Chart Showing U.S. Electric Generation by Source

 

Industry Leaders Weigh In

Some industry leaders believe that sunsetting longstanding solar and wind tax credits is a positive for the health of the maturing industry and will eliminate inefficiencies, optimize capital deployment, and allow the sector to shed its partisan reputation.

“Today, renewables and battery storage are the lowest-cost form of power generation and capacity, and we can build these projects and get new electrons on the grid in 12 to 18 months.” – John Ketchum, Chief Executive of renewable energy developer NextEra Energy. Financial Times, June 12, 2025.

“The Big Tech companies have global businesses, they have operations in Japan and Europe, places where decarbonization is important … They take long-term views so this administration is just a blip on a 30-year megatrend that they’re focused on.” – Henry Makansi, Managing partner at Kimmeridge. Financial Times, June 12, 2025.

Potential Opportunities

Many private infrastructure-backed companies and projects appear positioned to meet tax credit requirements before the phase out, including domestic content and ownership.

However, the phase out of credits may create pain for some projects and firms that underwrote rapid near-term growth into their business plans or are unable to meet the 2026 and 2027 deadlines for construction, placed in service status, and domestic content requirements. This dynamic is producing opportunities for well-funded groups to acquire assets at attractive prices.  Power, decarbonization, and energy transition tailwinds should, in our view, continue to create attractive investment opportunities over the coming years.

Private infrastructure specialists, as well as diversified value-add infrastructure strategies that invest in decarbonization and energy transition, have a wide opportunity set and look to nimbly invest in high-quality projects and management teams.  While solar and wind are part of the opportunity set, managers typically can invest in a wide array of subsectors, including utility scale and distributed assets across battery storage, hydro, pumped hydro, gas peaking plants, base load gas power plants (50% cleaner than coal), small modular nuclear reactors, resource efficiency infrastructure, water, waste water, solid waste, renewable natural gas, carbon capture, industrial decarbonization, and more.

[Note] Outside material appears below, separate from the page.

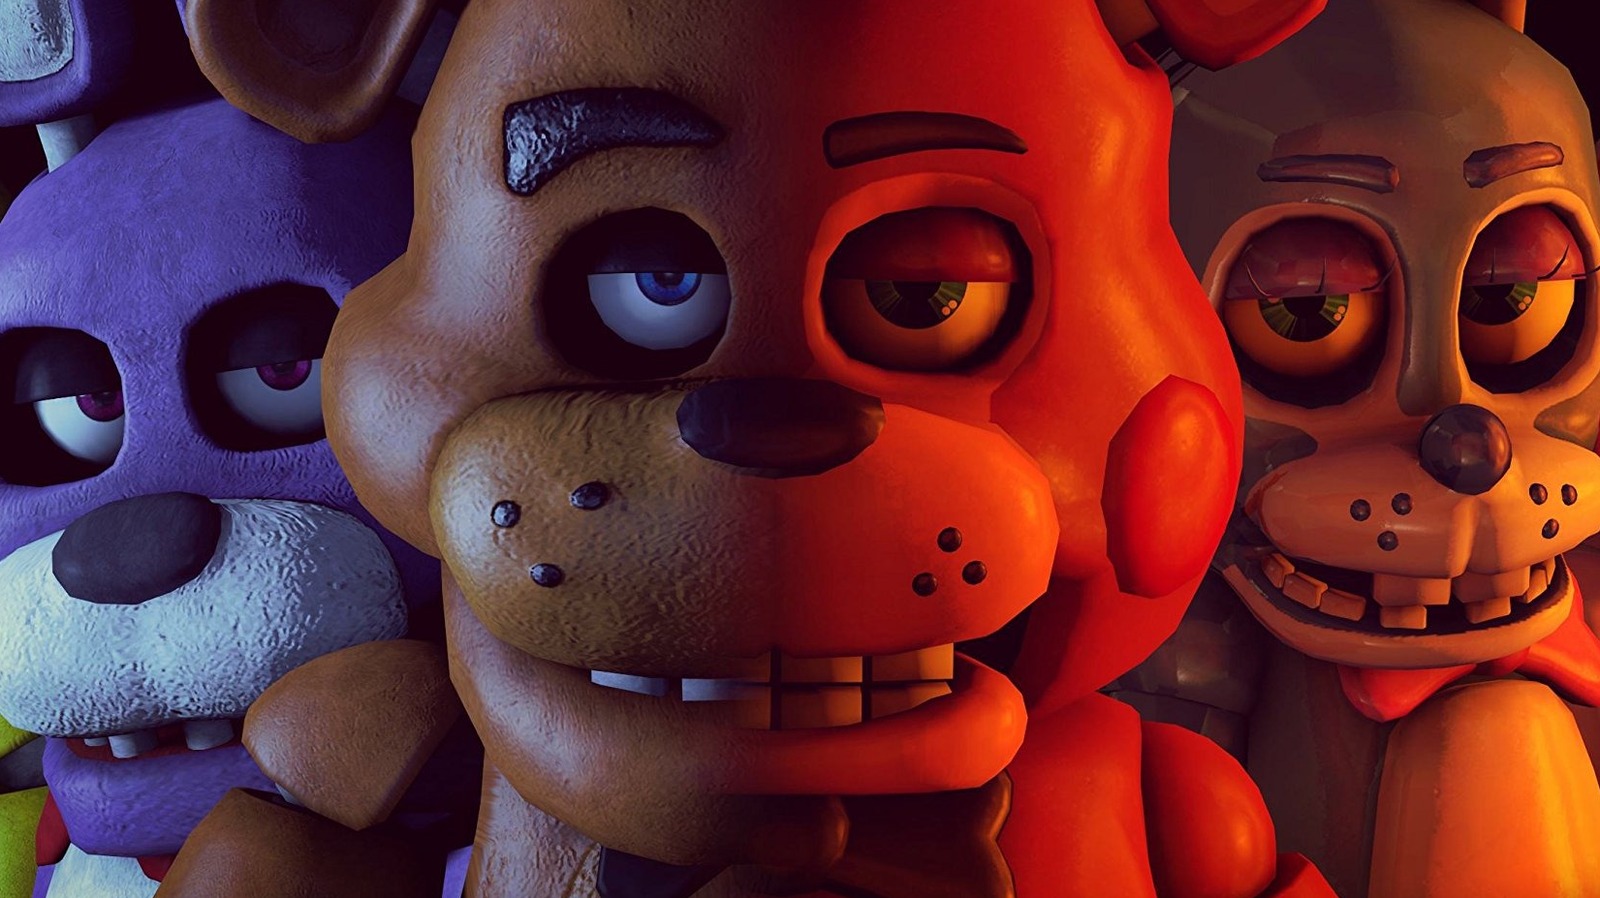 The Five Nights at Freddy's movie trailer looks just like the
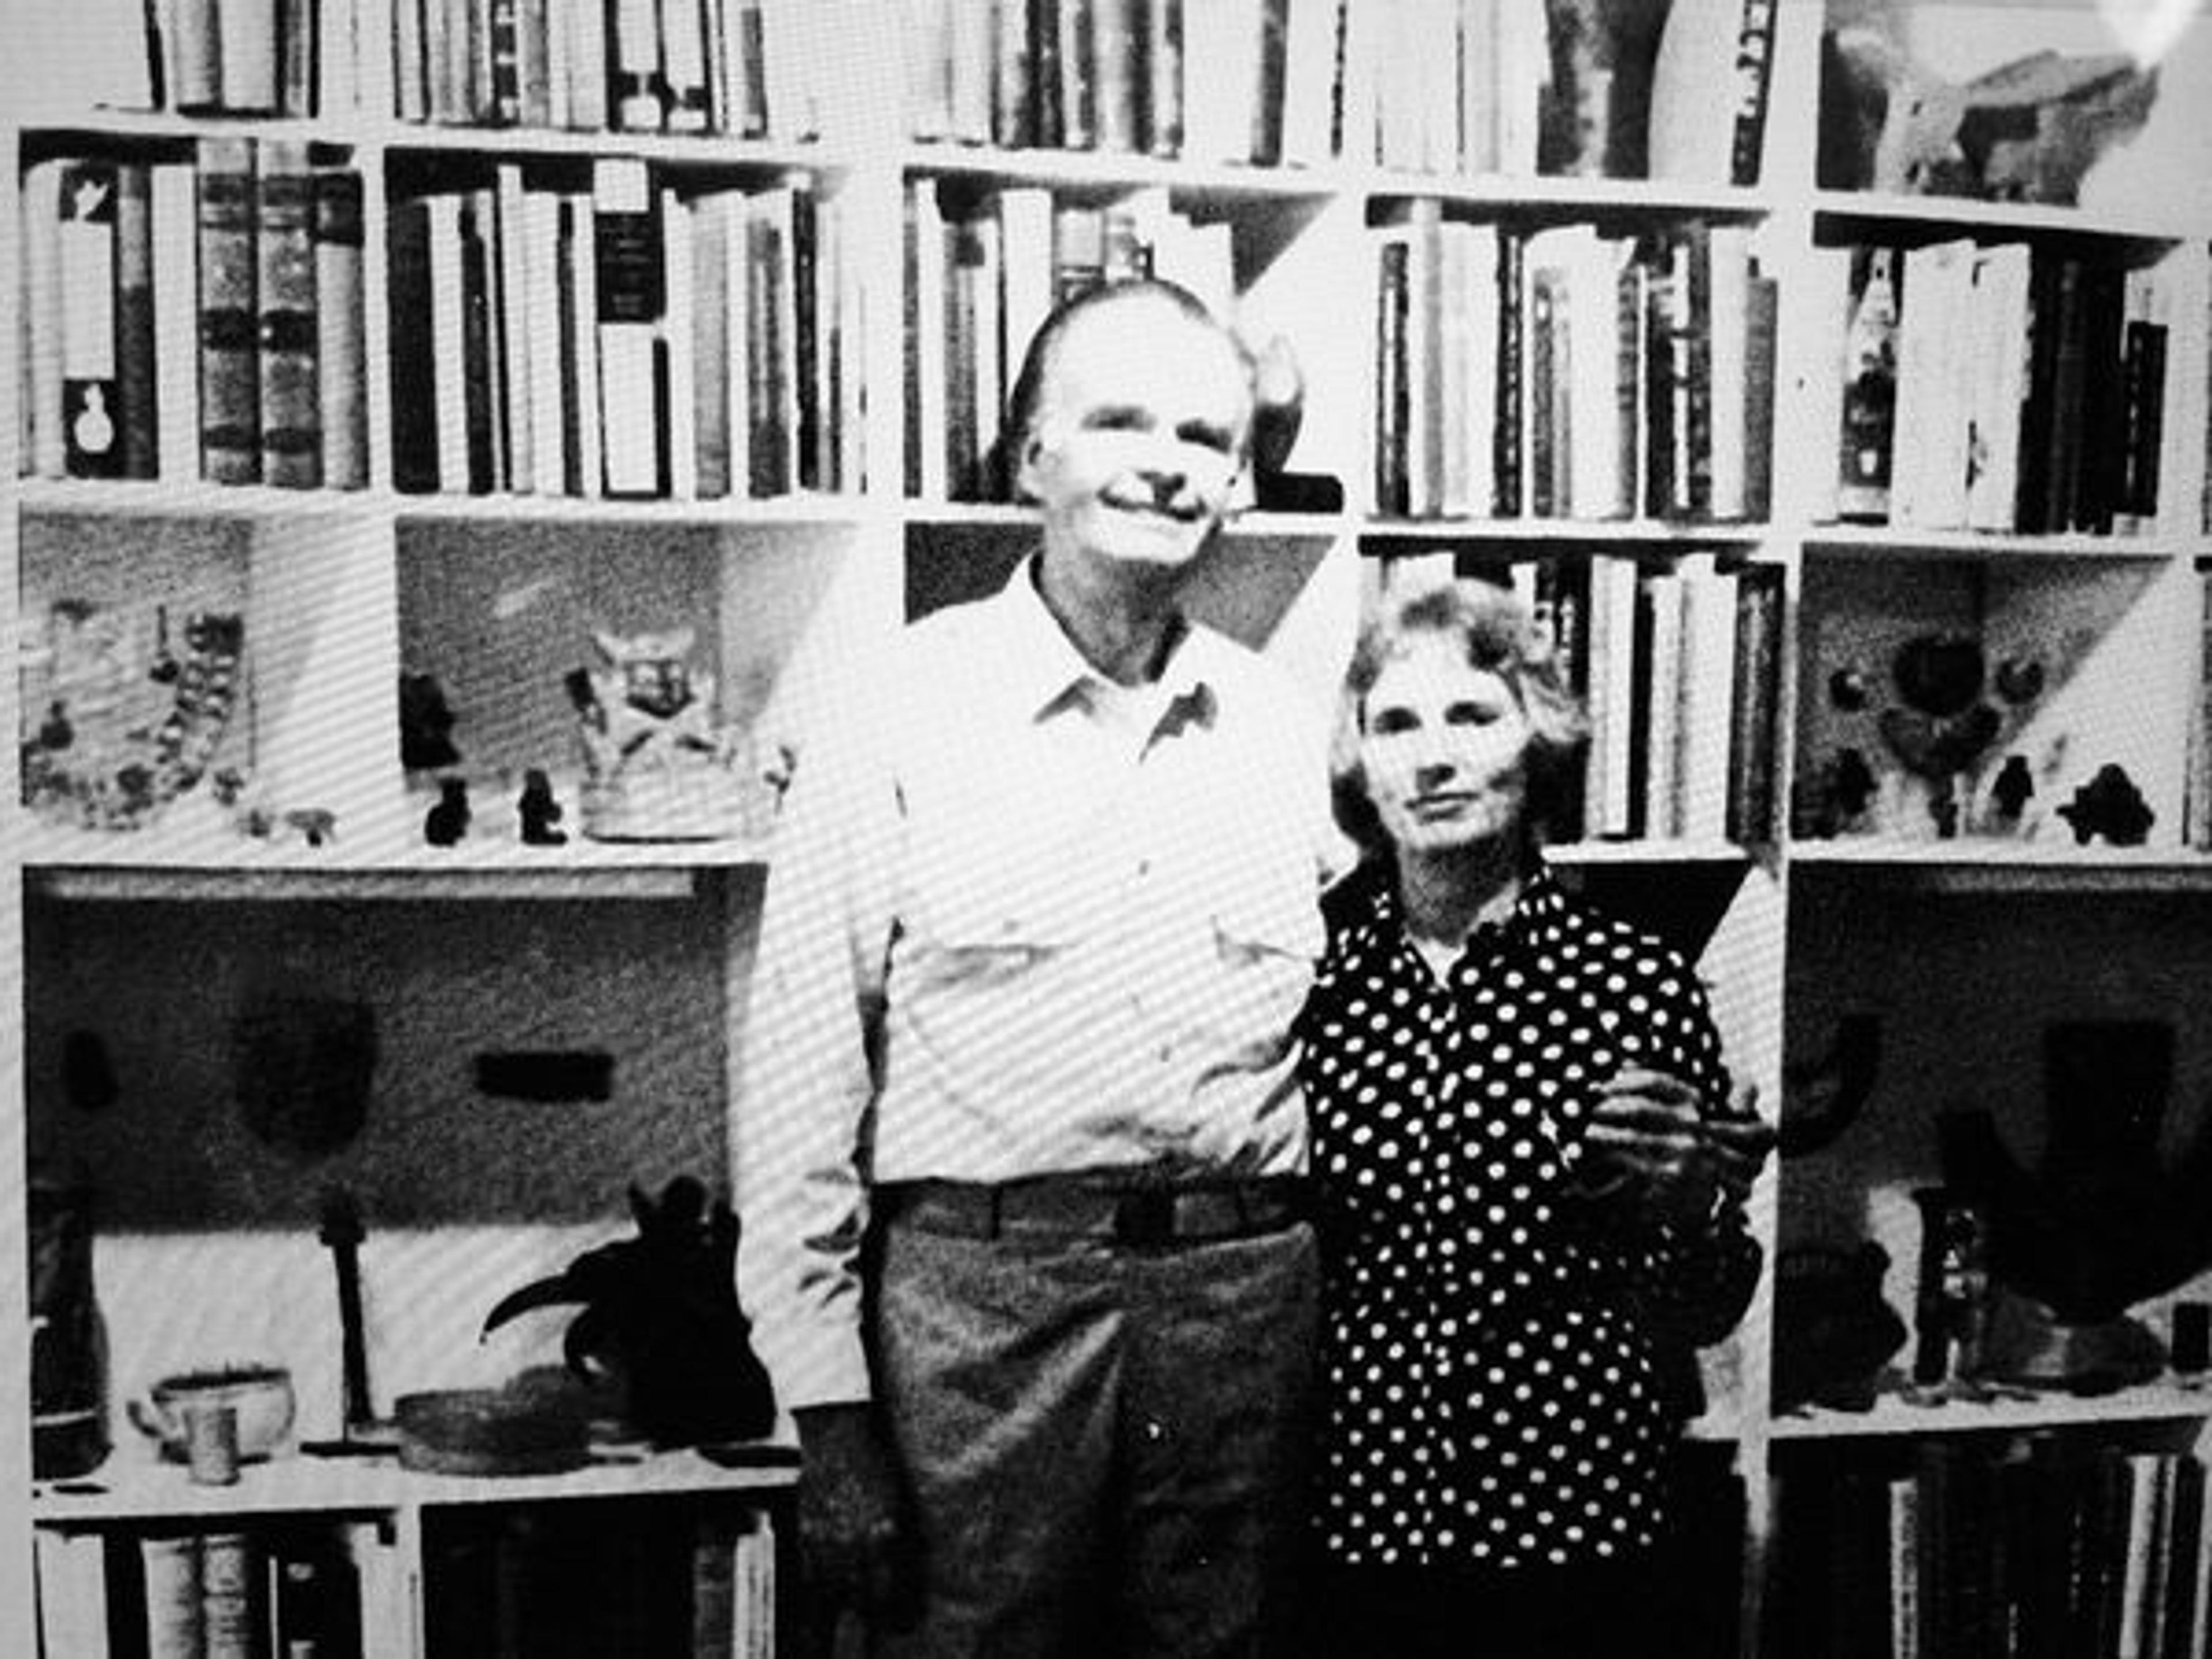 Laurence and Cora Witten in 1984, shortly before his collection traveled to the National Music Museum

On the public side, clean energy indices and strategies are typically less allocated to infrastructure, instead having significant exposure to suppliers, technology companies, and foreign holdings.  These exposures were severely impacted by the rapid rise in rates beginning in 2022 and traded sharply lower into 2024. With the benefit of lower valuations and strengthening tailwinds, clean energy indices have moved higher through the first half of 2025, both before and after the signing of the OBBBA. Year-to-date through July 22, 2025, the S&P Global Clean Energy Index was up 22.2%.

Transition tailwinds will also continue to attract capital and talent.  The combination should spur further innovation and create a wide range of investment opportunities across public equity, credit, venture capital, and private equity, including innovative service and technology companies such as AI-enabled grid management solutions.

Conclusion

With the OBBBA in effect, the phaseout timeframe of long-standing tax credits for solar and wind has been 90% resolved. Near-term headwinds, along with an adjustment period, are expected, but solar in its various forms (including utility scale, behind-the-meter, community solar, and wind power) is expected to continue to play an important role in decarbonizing the grid and meeting rapidly rising demand.